This is a huge family favorite. If you are not a fan of swordfish for any reason, feel free to substitute with another firm white fish, like barramundi.
4 6oz portions of swordfish
Salt and Pepper
Olive Oil
1 Cucumber
2-3 plum tomatoes
1/2 Jalapeño pepper
1 lime
To make the salsa, peel the cucumber and cut in half lengthwise.
Using a spoon, remove the seeds from the cucumber.
Cut in long strips, then dice into 1/4 inch cubes and place into a bowl.
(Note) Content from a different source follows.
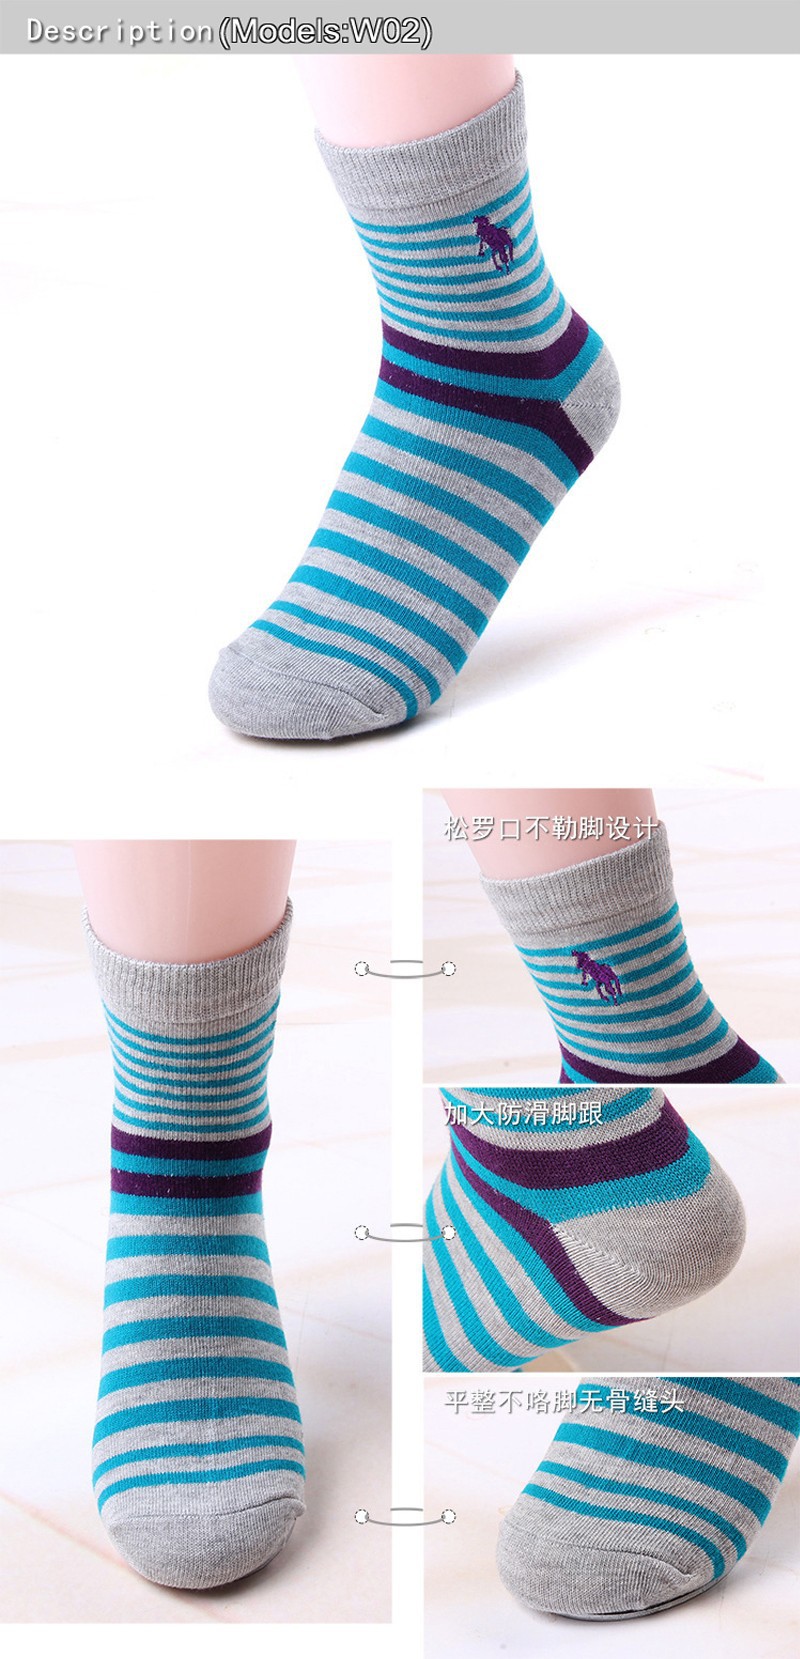 new high quality spring summer casual female socks women Brand Cotton women socks Colorful polo Socks for women3asdasd

Halve the tomatoes, and remove the seeds with the spoon.
Dice and add to the bowl.
Halve the jalapeño and remove the seeds. (Use the whole thing if you like it spicier)
Dice and add to the bowl.
Juice the lime and add it to the bowl.
Add 2-3 tbsp good, unfiltered olive oil.
Add Salt and pepper to taste.
Mix to combine and set aside to let the flavors mingle and meld together.
Liberally oil both sides of the swordfish, and sprinkle with salt and pepper.
Over direct, medium high heat – grill the fish 6-8 min a side till cooked through.
I like to serve the fish on the plate with a generous spoon or two of the salsa on top. The salsa really brightens up the fish. I typically serve this with a fruity spinach salad and steamed broccolini.